Use `data-pipeline-review` when the question is operational: *does this pipeline implementation meet its SLAs, latency targets, lineage requirements, and runbook standards?* Output is a pipeline review report with an SLO scorecard.

- **vs `data-architecture`** — `data-architecture` is strategic: schema ownership, governance, topology, data contracts. Use `data-architecture` first to define the target state; `data-pipeline-review` then assesses whether a specific implementation reaches it.

Typical sequence: `data-architecture` (Phase C strategic) → `data-pipeline-review` (Phase G operational review).

## Standards Bar

*Before presenting: does this pipeline review provide enough specificity on idempotency, test coverage, contract boundaries, and runbook completeness that a data engineering team can act on it immediately?
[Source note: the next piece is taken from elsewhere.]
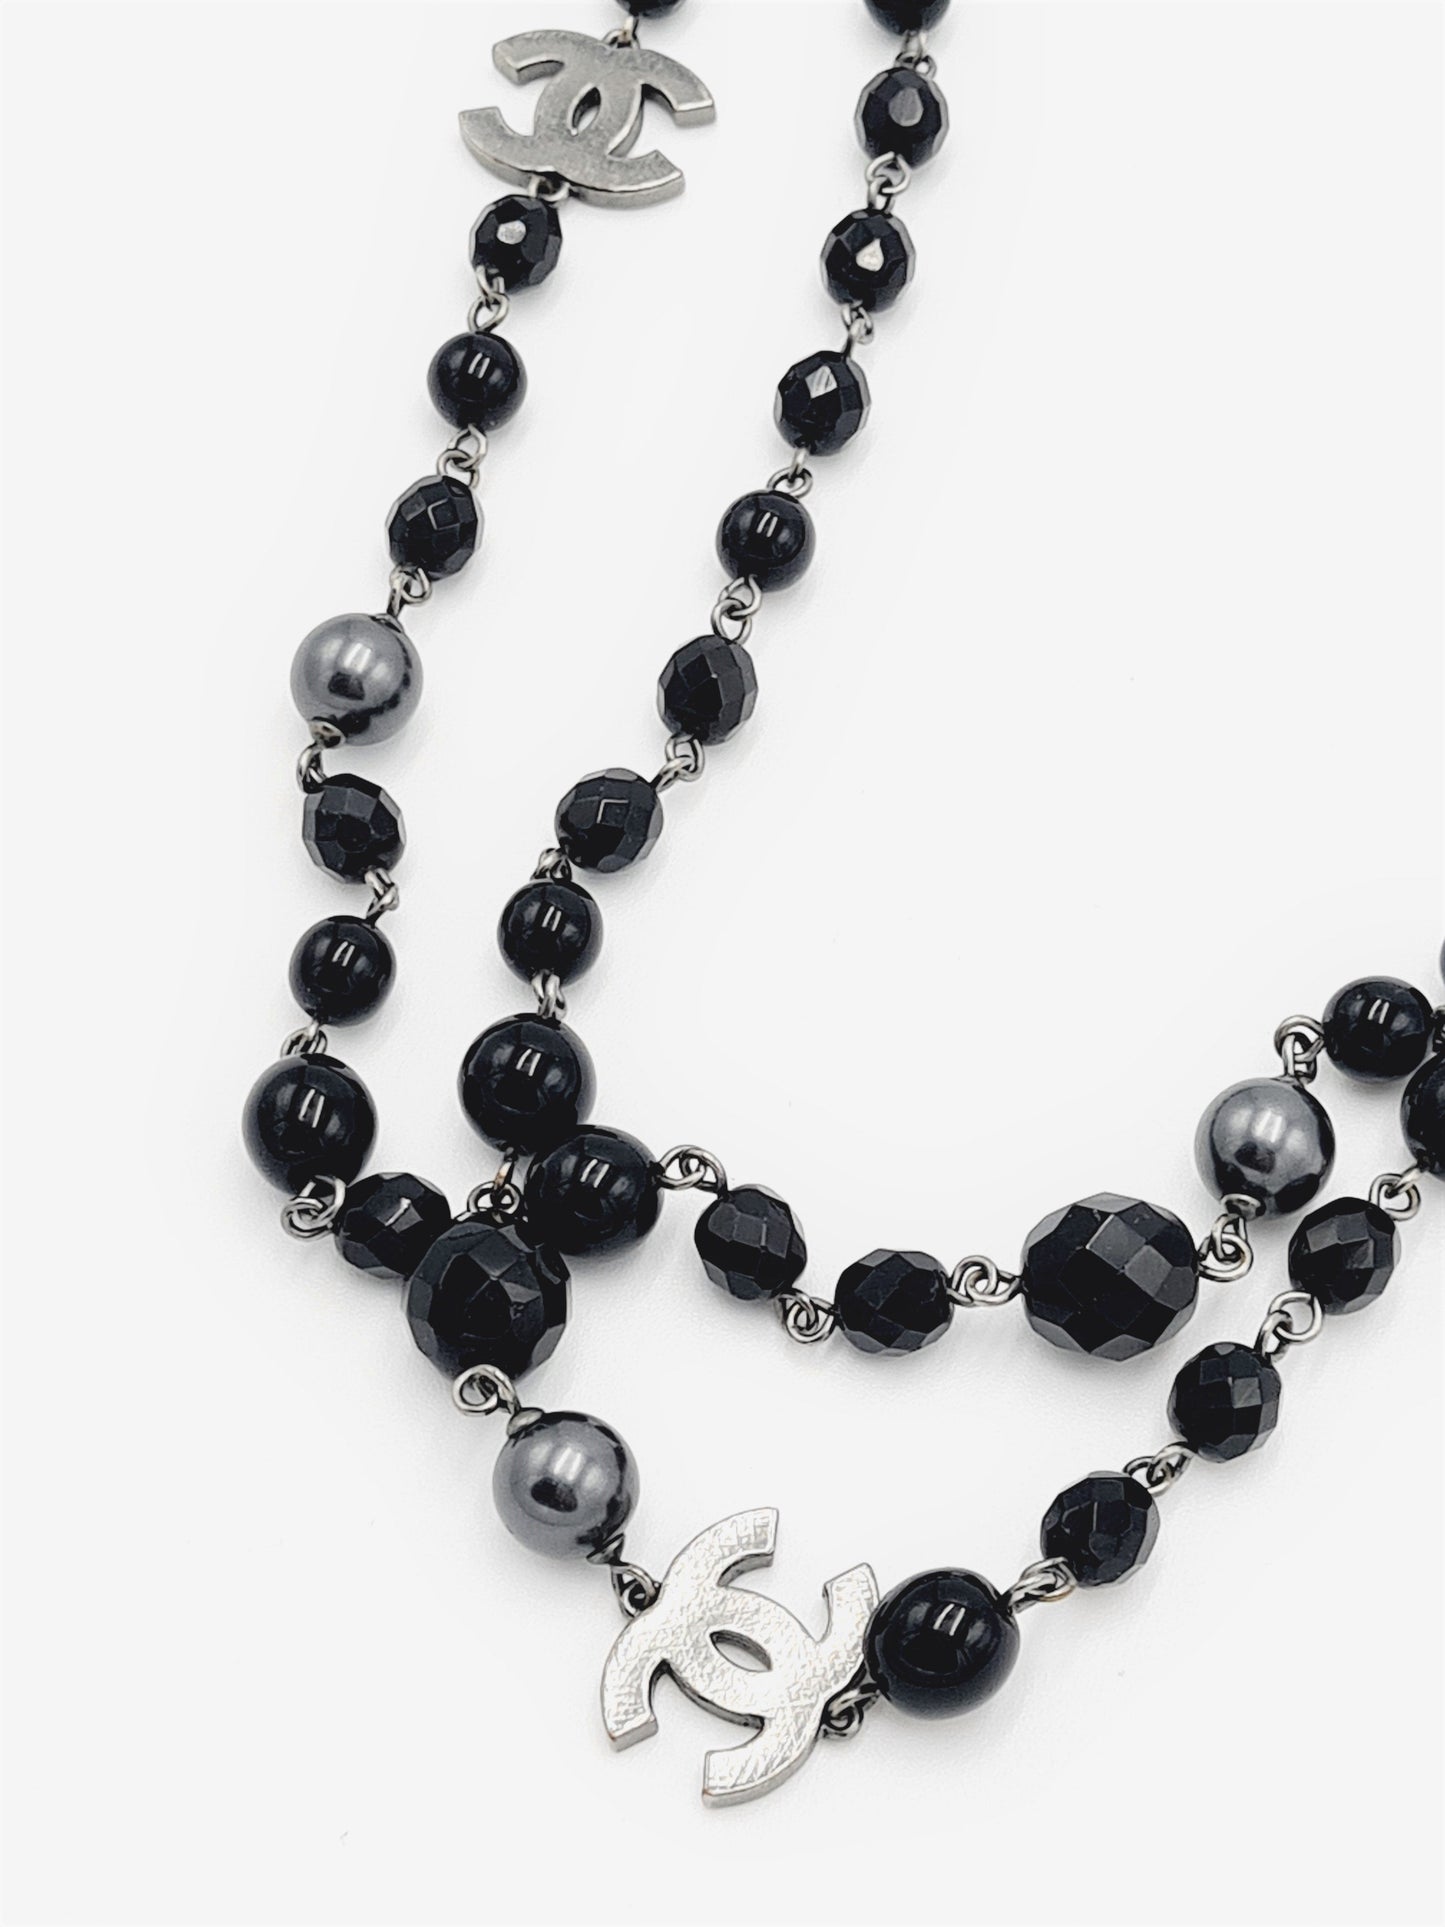 Lysis vintage Chanel black long necklace - 2010s

If no — add the missing test inventory, the runbook register, or the contract boundaries.*

## Next Step

After completing a data pipeline review:

- **Forward — Technology Architecture**: invoke `technology-architecture` to review the infrastructure and orchestration platform that hosts the pipeline.
- **Forward — Integration Architecture**: invoke `integration-architecture` if the pipeline crosses application boundaries or involves event-driven patterns.
- **Validate — Compliance**: invoke `compliance-review` if the pipeline handles regulated data (personal data, financial data, health records) and needs Architecture Board governance.
- **Document pipeline decisions**: invoke `adr-generator` for architecture decisions on ingestion pattern (streaming vs batch), orchestration tool, or data contract standard.
- **Manage requirements changes**: invoke `requirements-management` if freshness SLAs, retention policies, or data residency requirements have changed during the review.
- **Communicate**: invoke `stakeholder-communication` for a briefing to the data engineering lead or platform owner on the review findings and remediation priorities.